To reproduce the results in the paper, you may adjust the sampler settings accordingly. For example, to obtain the best FID value for MNIST, eps=1.0, the sampler setting is (Table 13 & Table 14):
python main.py --mode eval --workdir <new_directory> --config configs/mnist_28/sample_eps_1.0.yaml -- model.ckpt=<checkpoint_path> sampler.type=edm sampler.s_churn=100. sampler.s_min=0.05 sampler.s_max=50. sampler.num_steps=1000
First, create the following two folders:
mkdir -p data/raw/
mkdir -p data/processed/
Afterwards, run the following commands to download and prepare the data used for training. MNIST and FashionMNIST are downloaded and processed automatically.
CIFAR-10
wget -P data/raw/ https://www.cs.toronto.edu/~kriz/cifar-10-python.tar.gz
python dataset_tool.py --source data/raw/cifar-10-python.tar.gz --dest data/processed/cifar10.zip
ImageNet
First download the ImageNet Object Localization Challenge, then run the following
python dataset_tool.py --source==data/raw/imagenet/ILSVRC/Data/CLS-LOC/train --dest=data/processed/imagenet.zip --resolution=32x32 --transform=center-crop
Before training, you should compute FID statistics of the data:
python precompute_data_mnist_fid_statistics.py
python precompute_data_mnist_fid_statistics.py --test
python precompute_data_mnist_fid_statistics.py --is_fmnist
python precompute_data_mnist_fid_statistics.py --is_fmnist --test
python compute_fid_statistics.py --path data/processed/cifar10.zip --file cifar10.npz
python compute_fid_statistics.py --path data/processed/imagenet.zip --file imagenet.npz
python compute_fid_statistics.py --path data/processed/celeba.zip --file celeba.npz
We provide configurations to reproduce our models here. You may use the following command for training:
python main.py --mode train --workdir <new_directory> --config <dataset>
Our models are trained on eight NVIDIA A100 (80Gb) GPUs; you can set the number of GPUs per node via setup.n_gpus_per_node
. We use large batch sizes which are split into several iterations; to reduce the required GPU memory, you may increase the flag train.n_splits
(by a multiple of 2).
If you find the provided code or checkpoints useful for your research, please consider citing our paper:
@article{dockhorn2022differentially,
title={{Differentially Private Diffusion Models}},
author={Dockhorn, Tim and Cao, Tianshi and Vahdat, Arash and Kreis, Karsten},
journal={arXiv:2210.09929},
year={2022}
}
Copyright © 2023, NVIDIA Corporation. All rights reserved.
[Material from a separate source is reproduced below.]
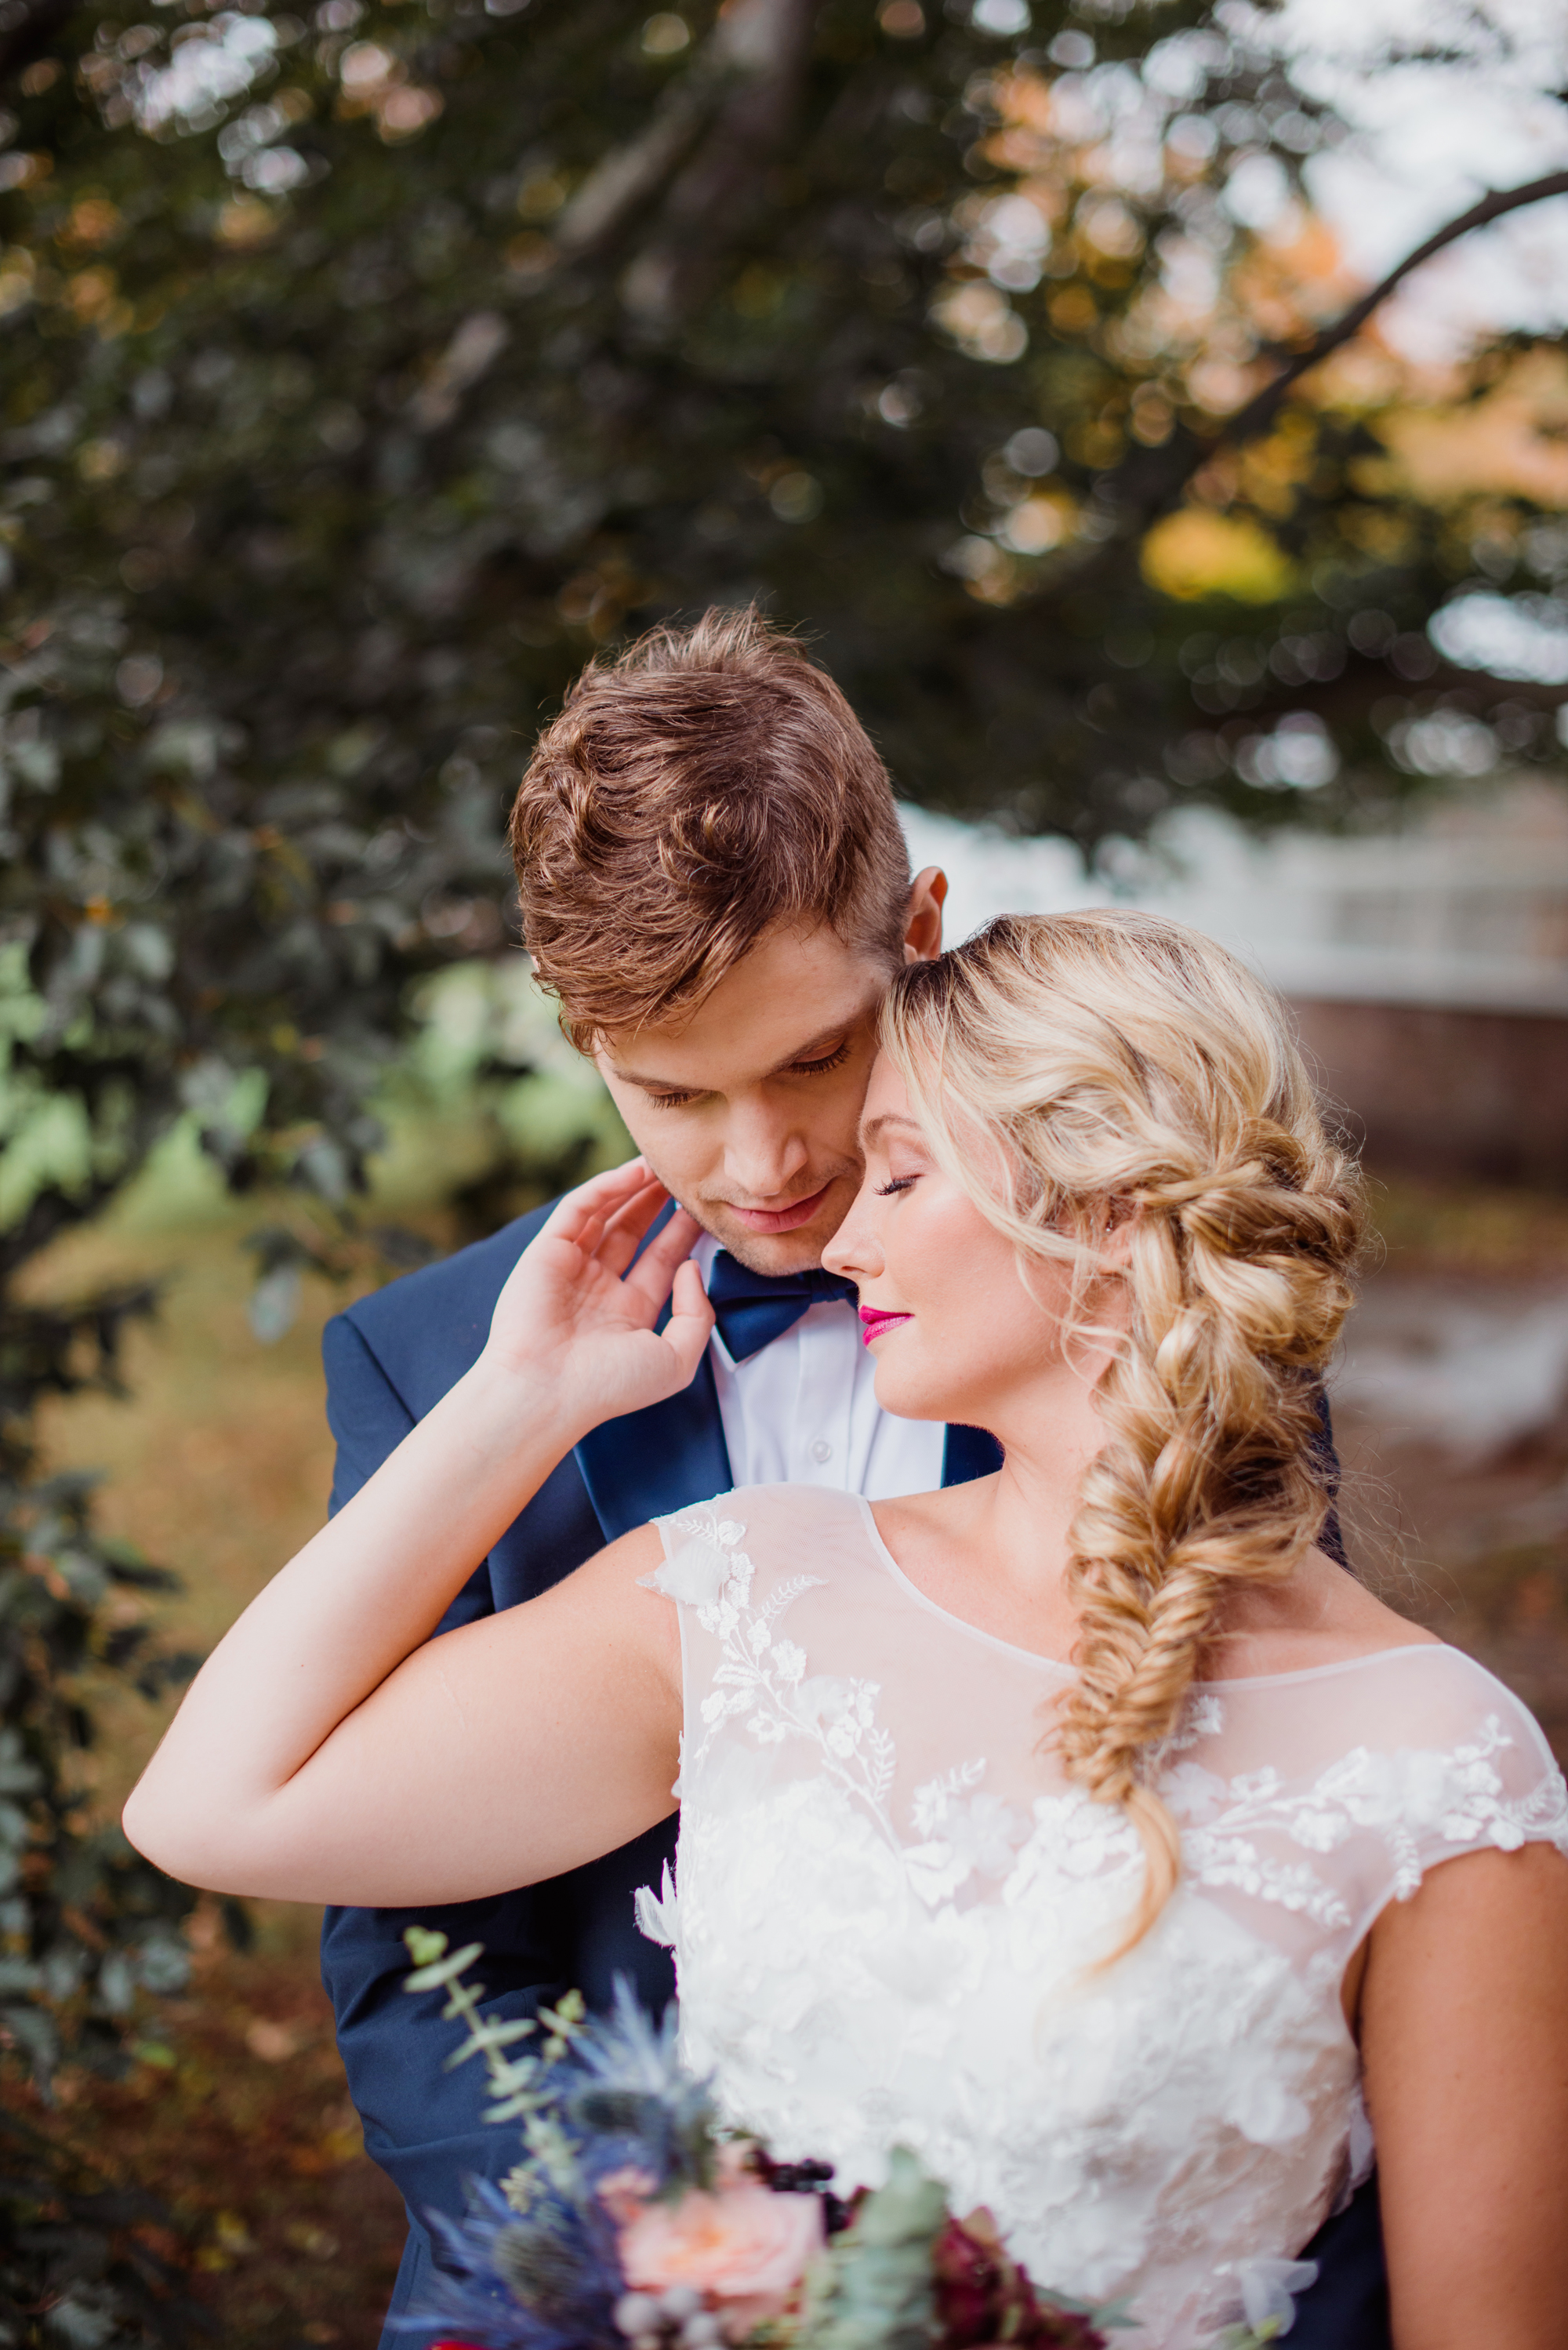 outdoor wedding photography inspiration couple wedding photo pose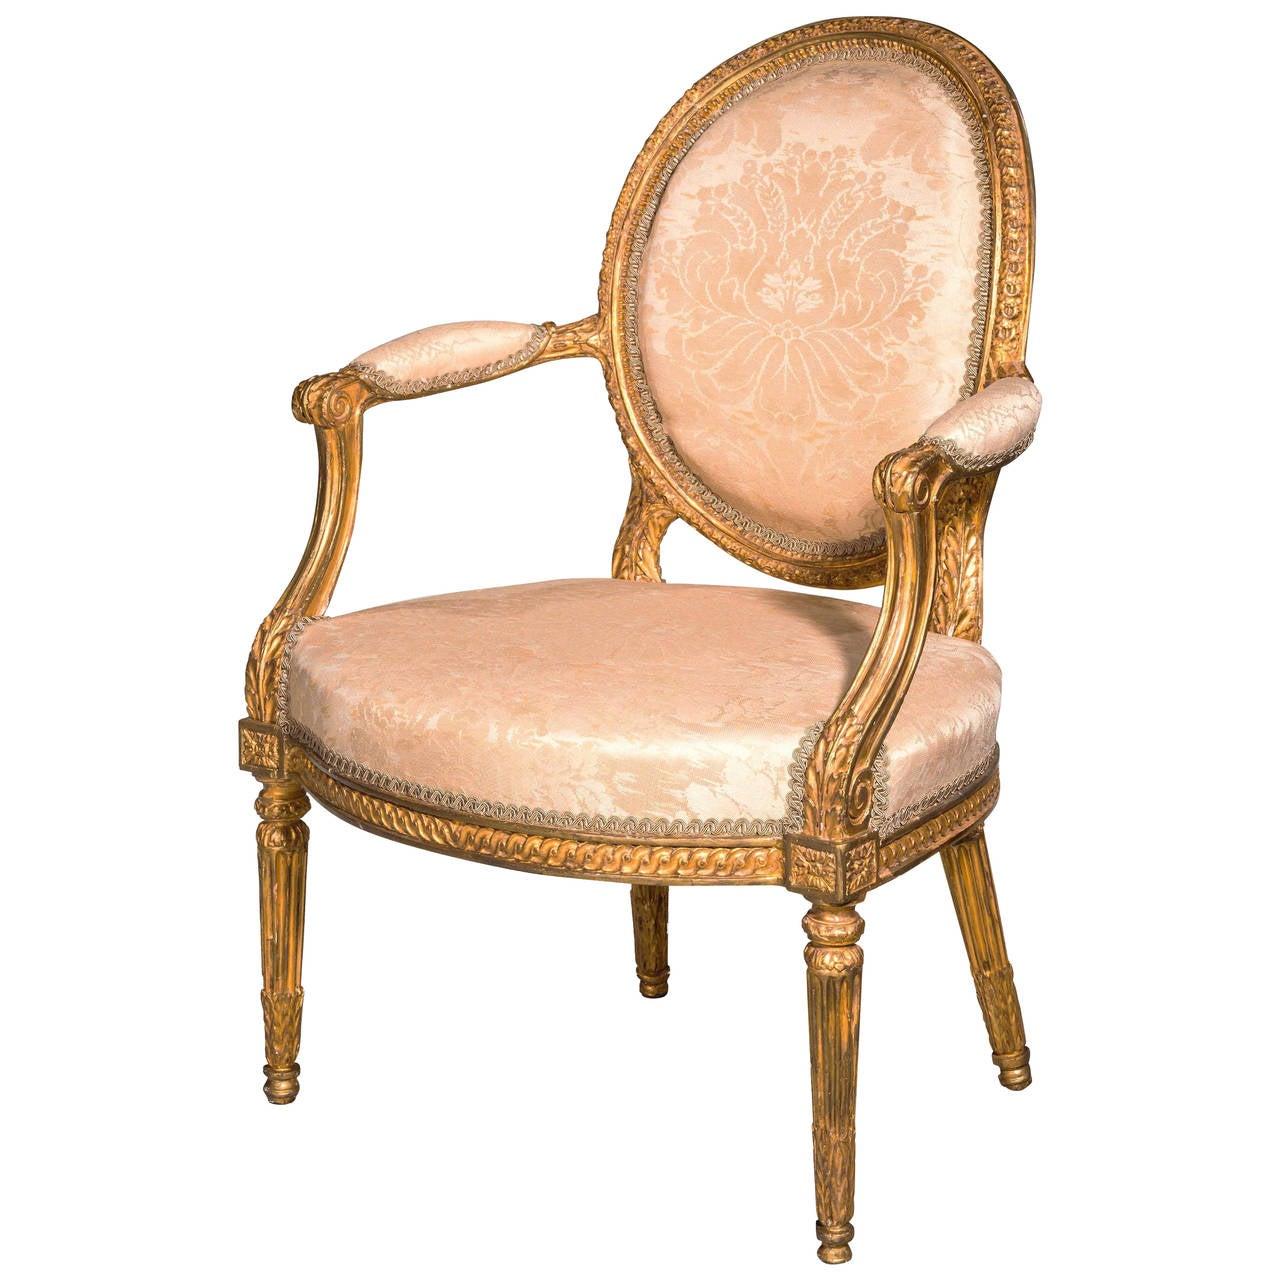 Late 18th Century Giltwood Armchair

The code of this work is made available under the NVIDIA Source Code License. Please see our main LICENSE file.
Pre-trained checkpooints are licensed under the Creative Commons Attribution-NonCommercial-ShareAlike 4.0 International License.
For any code dependencies related to StyleGAN3 (stylegan3/
, torch_utils/
, and dnnlib/
), the license is the Nvidia Source Code License by NVIDIA Corporation, see StyleGAN3 LICENSE.
Our DPDMs are based on the DDPM++ architecture which is realeased under Apache License 2.0.